Repeat the records below exactly as they appear.

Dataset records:
________

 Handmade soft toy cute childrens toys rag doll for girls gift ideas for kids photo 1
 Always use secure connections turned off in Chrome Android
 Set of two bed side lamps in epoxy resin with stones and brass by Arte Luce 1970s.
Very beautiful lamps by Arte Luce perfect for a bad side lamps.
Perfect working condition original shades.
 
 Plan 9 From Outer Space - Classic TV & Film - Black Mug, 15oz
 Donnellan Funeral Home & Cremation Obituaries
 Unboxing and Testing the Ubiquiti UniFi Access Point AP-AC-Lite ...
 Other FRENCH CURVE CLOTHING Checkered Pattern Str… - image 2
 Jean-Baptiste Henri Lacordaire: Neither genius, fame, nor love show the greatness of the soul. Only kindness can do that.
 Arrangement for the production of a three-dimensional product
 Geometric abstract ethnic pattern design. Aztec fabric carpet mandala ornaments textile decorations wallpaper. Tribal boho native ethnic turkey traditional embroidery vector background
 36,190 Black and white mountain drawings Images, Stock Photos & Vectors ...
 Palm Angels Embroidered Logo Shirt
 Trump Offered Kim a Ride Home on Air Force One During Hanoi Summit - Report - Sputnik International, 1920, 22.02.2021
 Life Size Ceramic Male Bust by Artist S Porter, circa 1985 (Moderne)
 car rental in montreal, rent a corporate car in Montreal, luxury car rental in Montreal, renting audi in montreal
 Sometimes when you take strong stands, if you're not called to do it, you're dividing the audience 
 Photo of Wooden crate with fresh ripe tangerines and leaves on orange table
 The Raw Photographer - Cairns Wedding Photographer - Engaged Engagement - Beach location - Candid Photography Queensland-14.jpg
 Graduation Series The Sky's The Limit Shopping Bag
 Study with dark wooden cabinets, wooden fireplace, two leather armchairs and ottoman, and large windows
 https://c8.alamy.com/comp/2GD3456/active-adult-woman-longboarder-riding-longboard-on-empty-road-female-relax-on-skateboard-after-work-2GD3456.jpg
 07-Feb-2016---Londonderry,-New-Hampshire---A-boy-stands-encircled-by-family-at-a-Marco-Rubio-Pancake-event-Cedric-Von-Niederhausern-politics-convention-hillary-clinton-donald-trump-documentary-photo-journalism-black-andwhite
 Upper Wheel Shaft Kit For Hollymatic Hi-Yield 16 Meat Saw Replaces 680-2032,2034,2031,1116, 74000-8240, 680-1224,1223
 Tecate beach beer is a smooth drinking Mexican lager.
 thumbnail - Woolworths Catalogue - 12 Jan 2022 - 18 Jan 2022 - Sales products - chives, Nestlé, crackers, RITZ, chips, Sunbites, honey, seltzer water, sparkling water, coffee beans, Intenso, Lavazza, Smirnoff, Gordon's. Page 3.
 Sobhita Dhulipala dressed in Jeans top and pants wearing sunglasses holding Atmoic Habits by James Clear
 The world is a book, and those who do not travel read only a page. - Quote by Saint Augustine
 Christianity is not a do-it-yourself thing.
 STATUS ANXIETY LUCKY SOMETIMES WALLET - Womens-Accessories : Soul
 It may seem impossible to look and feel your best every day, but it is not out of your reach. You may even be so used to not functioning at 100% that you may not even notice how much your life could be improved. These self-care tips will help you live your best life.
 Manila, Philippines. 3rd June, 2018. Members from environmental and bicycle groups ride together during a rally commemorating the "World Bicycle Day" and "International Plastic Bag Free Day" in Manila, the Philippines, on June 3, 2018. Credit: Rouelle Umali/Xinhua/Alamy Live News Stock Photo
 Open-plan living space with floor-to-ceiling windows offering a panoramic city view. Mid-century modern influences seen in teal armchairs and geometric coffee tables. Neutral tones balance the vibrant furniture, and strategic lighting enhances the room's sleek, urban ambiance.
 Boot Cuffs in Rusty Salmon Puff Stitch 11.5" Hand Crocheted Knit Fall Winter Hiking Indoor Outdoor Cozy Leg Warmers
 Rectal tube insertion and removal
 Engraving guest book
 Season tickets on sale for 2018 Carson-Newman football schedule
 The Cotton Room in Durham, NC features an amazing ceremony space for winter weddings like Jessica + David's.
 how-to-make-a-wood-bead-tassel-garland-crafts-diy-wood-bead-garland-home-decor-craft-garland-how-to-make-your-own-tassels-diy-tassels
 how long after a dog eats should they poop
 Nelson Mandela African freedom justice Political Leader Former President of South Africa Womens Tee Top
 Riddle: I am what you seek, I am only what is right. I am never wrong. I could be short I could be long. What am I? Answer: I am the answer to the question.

________

■ **Answer to this problem**:
 Handmade soft toy cute childrens toys rag doll for girls gift ideas for kids photo 1
 Always use secure connections turned off in Chrome Android
 Set of two bed side lamps in epoxy resin with stones and brass by Arte Luce 1970s.
Very beautiful lamps by Arte Luce perfect for a bad side lamps.
Perfect working condition original shades.
 
 Plan 9 From Outer Space - Classic TV & Film - Black Mug, 15oz
 Donnellan Funeral Home & Cremation Obituaries
 Unboxing and Testing the Ubiquiti UniFi Access Point AP-AC-Lite ...
 Other FRENCH CURVE CLOTHING Checkered Pattern Str… - image 2
 Jean-Baptiste Henri Lacordaire: Neither genius, fame, nor love show the greatness of the soul. Only kindness can do that.
 Arrangement for the production of a three-dimensional product
 Geometric abstract ethnic pattern design. Aztec fabric carpet mandala ornaments textile decorations wallpaper. Tribal boho native ethnic turkey traditional embroidery vector background
 36,190 Black and white mountain drawings Images, Stock Photos & Vectors ...
 Palm Angels Embroidered Logo Shirt
 Trump Offered Kim a Ride Home on Air Force One During Hanoi Summit - Report - Sputnik International, 1920, 22.02.2021
 Life Size Ceramic Male Bust by Artist S Porter, circa 1985 (Moderne)
 car rental in montreal, rent a corporate car in Montreal, luxury car rental in Montreal, renting audi in montreal
 Sometimes when you take strong stands, if you're not called to do it, you're dividing the audience 
 Photo of Wooden crate with fresh ripe tangerines and leaves on orange table
 The Raw Photographer - Cairns Wedding Photographer - Engaged Engagement - Beach location - Candid Photography Queensland-14.jpg
 Graduation Series The Sky's The Limit Shopping Bag
 Study with dark wooden cabinets, wooden fireplace, two leather armchairs and ottoman, and large windows
 https://c8.alamy.com/comp/2GD3456/active-adult-woman-longboarder-riding-longboard-on-empty-road-female-relax-on-skateboard-after-work-2GD3456.jpg
 07-Feb-2016---Londonderry,-New-Hampshire---A-boy-stands-encircled-by-family-at-a-Marco-Rubio-Pancake-event-Cedric-Von-Niederhausern-politics-convention-hillary-clinton-donald-trump-documentary-photo-journalism-black-andwhite
 Upper Wheel Shaft Kit For Hollymatic Hi-Yield 16 Meat Saw Replaces 680-2032,2034,2031,1116, 74000-8240, 680-1224,1223
 Tecate beach beer is a smooth drinking Mexican lager.
 thumbnail - Woolworths Catalogue - 12 Jan 2022 - 18 Jan 2022 - Sales products - chives, Nestlé, crackers, RITZ, chips, Sunbites, honey, seltzer water, sparkling water, coffee beans, Intenso, Lavazza, Smirnoff, Gordon's. Page 3.
 Sobhita Dhulipala dressed in Jeans top and pants wearing sunglasses holding Atmoic Habits by James Clear
 The world is a book, and those who do not travel read only a page. - Quote by Saint Augustine
 Christianity is not a do-it-yourself thing.
 STATUS ANXIETY LUCKY SOMETIMES WALLET - Womens-Accessories : Soul
 It may seem impossible to look and feel your best every day, but it is not out of your reach. You may even be so used to not functioning at 100% that you may not even notice how much your life could be improved. These self-care tips will help you live your best life.
 Manila, Philippines. 3rd June, 2018. Members from environmental and bicycle groups ride together during a rally commemorating the "World Bicycle Day" and "International Plastic Bag Free Day" in Manila, the Philippines, on June 3, 2018. Credit: Rouelle Umali/Xinhua/Alamy Live News Stock Photo
 Open-plan living space with floor-to-ceiling windows offering a panoramic city view. Mid-century modern influences seen in teal armchairs and geometric coffee tables. Neutral tones balance the vibrant furniture, and strategic lighting enhances the room's sleek, urban ambiance.
 Boot Cuffs in Rusty Salmon Puff Stitch 11.5" Hand Crocheted Knit Fall Winter Hiking Indoor Outdoor Cozy Leg Warmers
 Rectal tube insertion and removal
 Engraving guest book
 Season tickets on sale for 2018 Carson-Newman football schedule
 The Cotton Room in Durham, NC features an amazing ceremony space for winter weddings like Jessica + David's.
 how-to-make-a-wood-bead-tassel-garland-crafts-diy-wood-bead-garland-home-decor-craft-garland-how-to-make-your-own-tassels-diy-tassels
 how long after a dog eats should they poop
 Nelson Mandela African freedom justice Political Leader Former President of South Africa Womens Tee Top
 Riddle: I am what you seek, I am only what is right. I am never wrong. I could be short I could be long. What am I? Answer: I am the answer to the question.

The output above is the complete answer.